Even the dullest of people—like myself—are bound to learn a thing or two if they spend the whole summer working for Albert in the backroom of Benny’s Vacuum and Fax Machine Repairs, which is a small and typically empty business, smack in the middle of Widgeons Crossing.
The learning never really stops when one works with Albert. As the hours melt to weeks and the weeks fade to months, his summer apprentices become familiar with not only the mechanics of dust sucking and dirt collection, but also the lesser-known science of discovering what makes him tick.
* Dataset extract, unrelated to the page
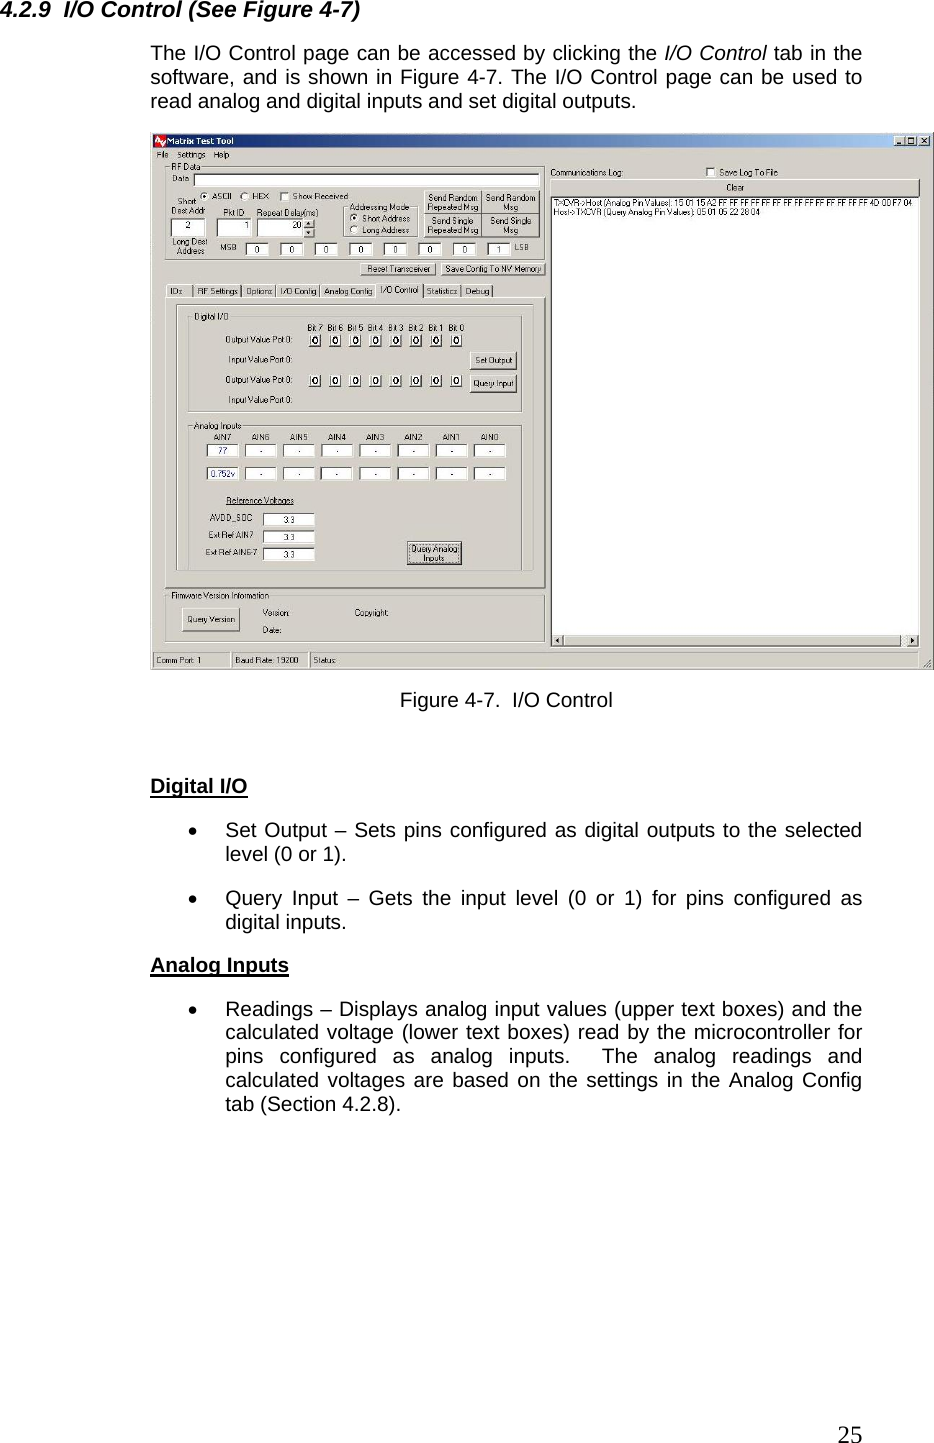  254.2.9  I/O Control (See Figure 4-7) The I/O Control page can be accessed by clicking the I/O Control tab in the software, and is shown in Figure 4-7. The I/O Control page can be used to read analog and digital inputs and set digital outputs.  Figure 4-7.  I/O Control   Digital I/O •  Set Output – Sets pins configured as digital outputs to the selected level (0 or 1). •  Query Input – Gets the input level (0 or 1) for pins configured as digital inputs. Analog Inputs •  Readings – Displays analog input values (upper text boxes) and the calculated voltage (lower text boxes) read by the microcontroller for pins configured as analog inputs.  The analog readings and calculated voltages are based on the settings in the Analog Config tab (Section 4.2.8).

We learn, for example, while some people refer to Albert by the store’s namesake of Benny, he refuses to respond to it; and even though the words “fax machine” are in the store’s name, he doesn’t accept them for repair anymore, and will hold a fierce grudge in the rarest of times a customer brings one in. Another lesson of the trade is that at some point in history—likely at least five or six decades ago—the phrase “it’s a little Mickey Mouse” was used to describe something that was not done particularly well, and moreover, the amateur boxing coach who introduced Albert to the term clearly made a big impression on him when doing so.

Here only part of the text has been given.